← Back
Intercom
Intercom launches Monitors, a QA tool for AI support agents with custom scorecards
· releasefeatureplatform · intercom.com ↗

Addressing the AI Black Box

As AI support agents like Fin become more capable and handle higher volumes of conversations—Fin now resolves close to 2 million queries weekly with a 67% resolution rate across 8,000 customers—observability has become critical. Support leaders struggle to confidently answer basic questions about what their agents are doing: whether they're delivering good experiences, handling complex issues completely, and representing the brand consistently.
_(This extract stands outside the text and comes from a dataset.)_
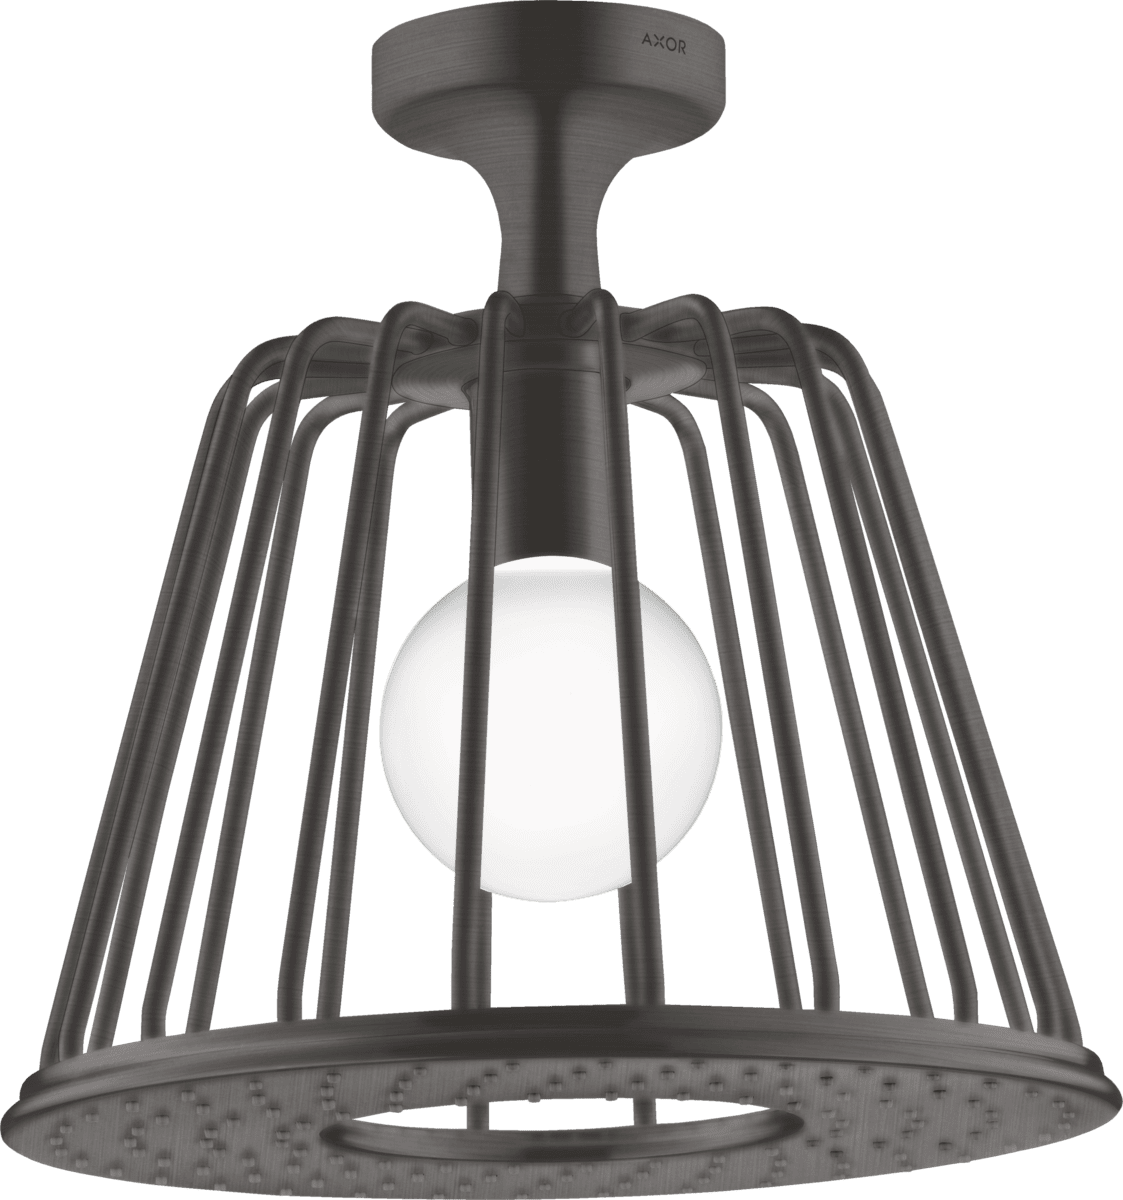 HANSGROHE AXOR LampShower/Nendo LampShower 275 1jet tavan bağlantılı #26032340 - Mat Siyah Krom resmi
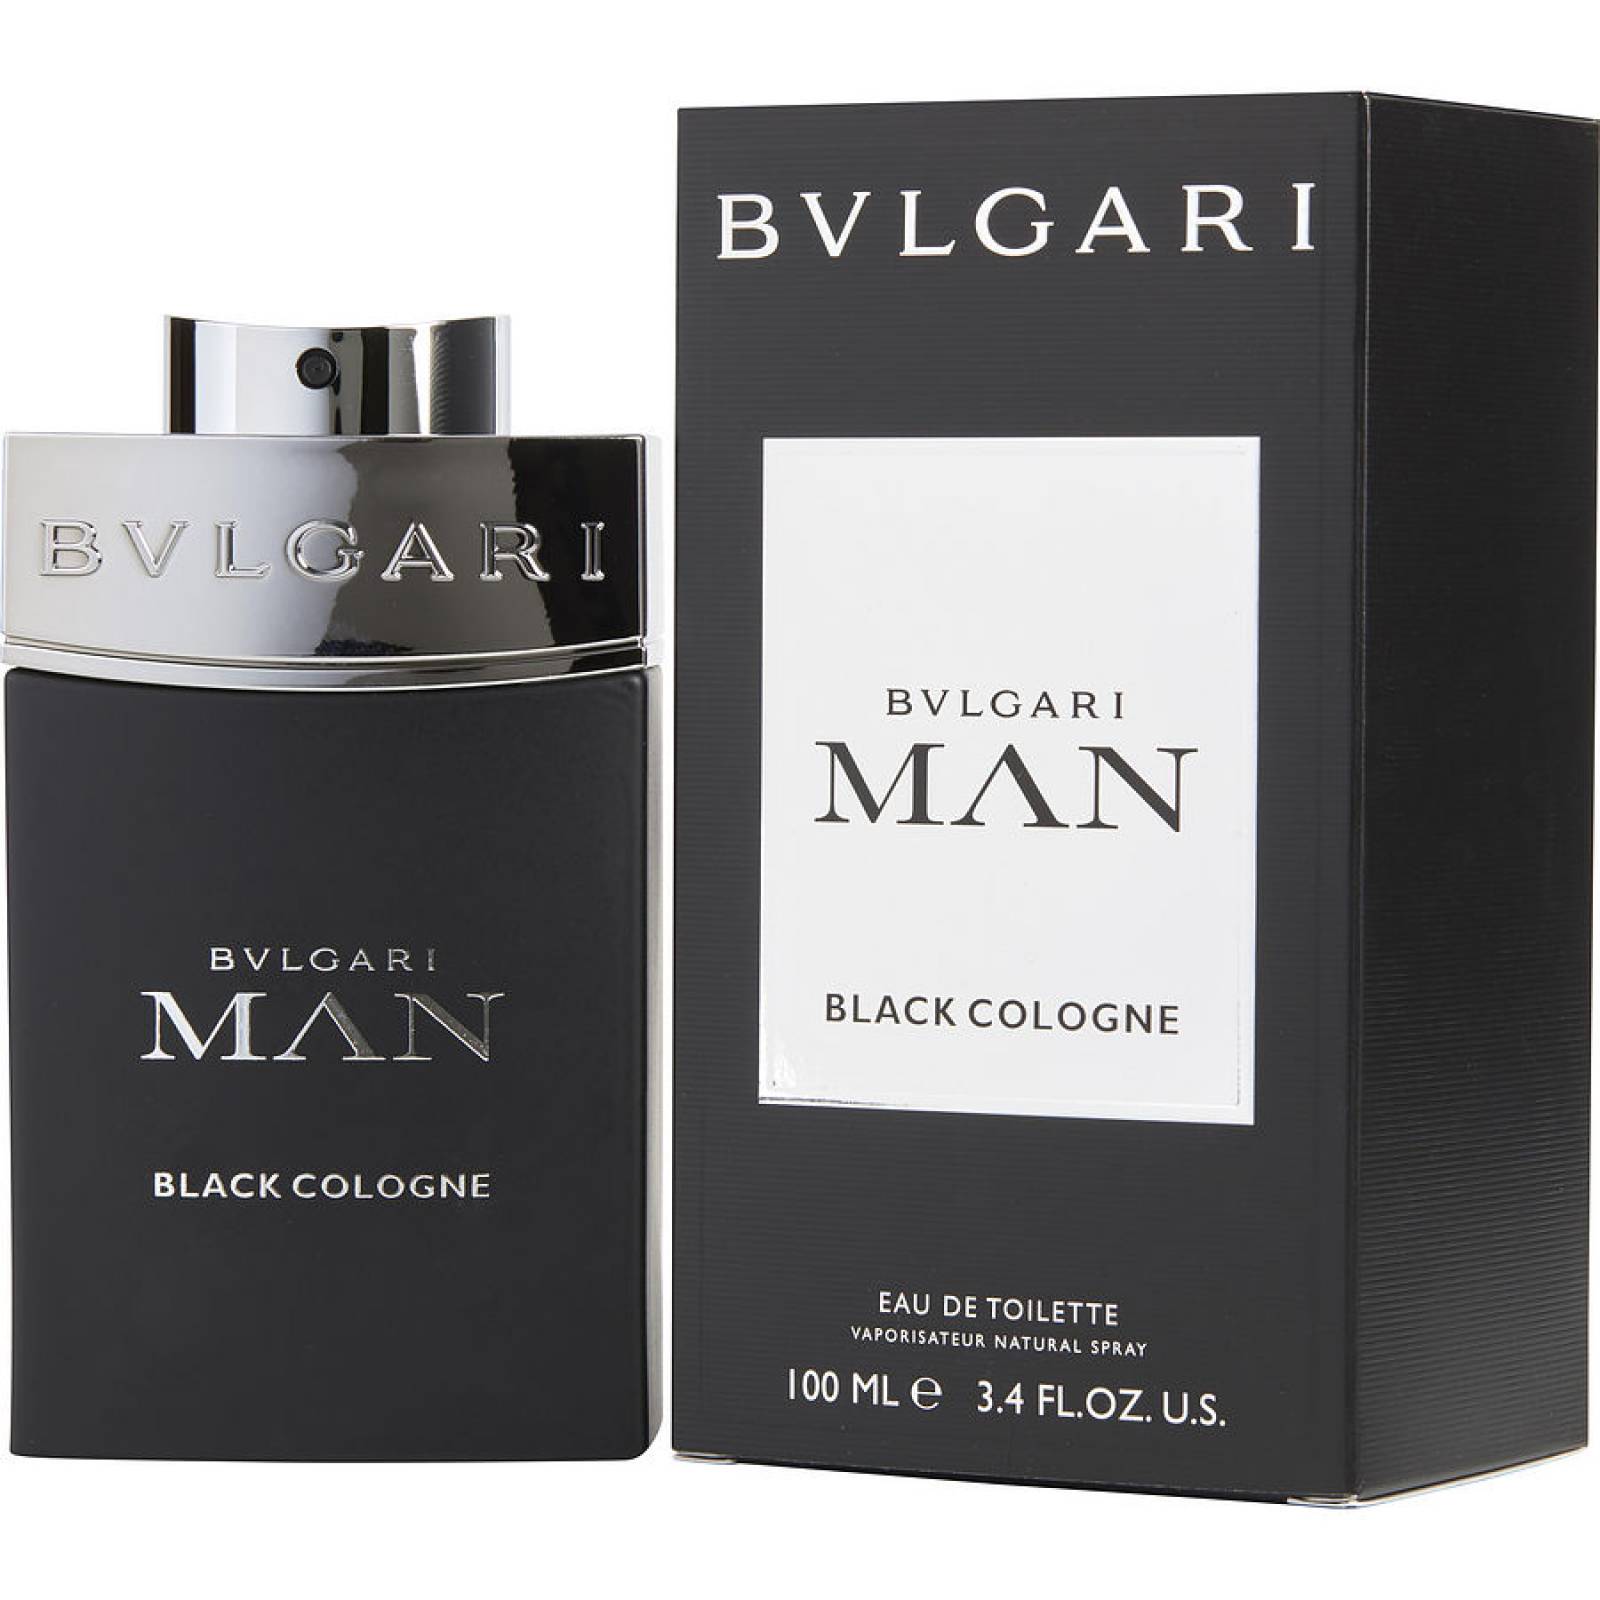 Perfume Bvlgari Man Black Cologne

Traditional QA approaches like CSAT scores and manual sampling don't scale effectively, leaving teams flying blind.

Two Core Components

Monitors consists of two integrated parts:

  • Monitors define which conversations get reviewed through targeted criteria—either flagging high-risk edge cases (like "customer showed signs of financial vulnerability") or creating consistent benchmarking samples. Teams can combine multiple filters based on customer data, channel, or Fin-specific metrics, moving beyond random sampling.

  • Custom Scorecards let teams define what "good" looks like for their specific business and turn that into measurable quality scores. Rather than applying generic rubrics, teams define criteria, set weights, and mark critical failures that automatically fail evaluations. Criteria can be scored by AI, humans, or both within the same scorecard.

Integrated Workflow

Flagged conversations flow into a Review Queue where they're automatically assigned to the right reviewer with the scorecard attached and review status tracked (Not Reviewed, Reviewed, Needs a Fix, Fix Complete). This replaces ad-hoc sampling and spreadsheet-driven QA with a system that scales with conversation volume.

Monitors completes Intercom's observability suite alongside Insights (which measures overall sentiment and topics) and Recommendations (which surfaces improvement opportunities). Together, they close the gap between traditional QA approaches and the scale of modern AI-driven support operations.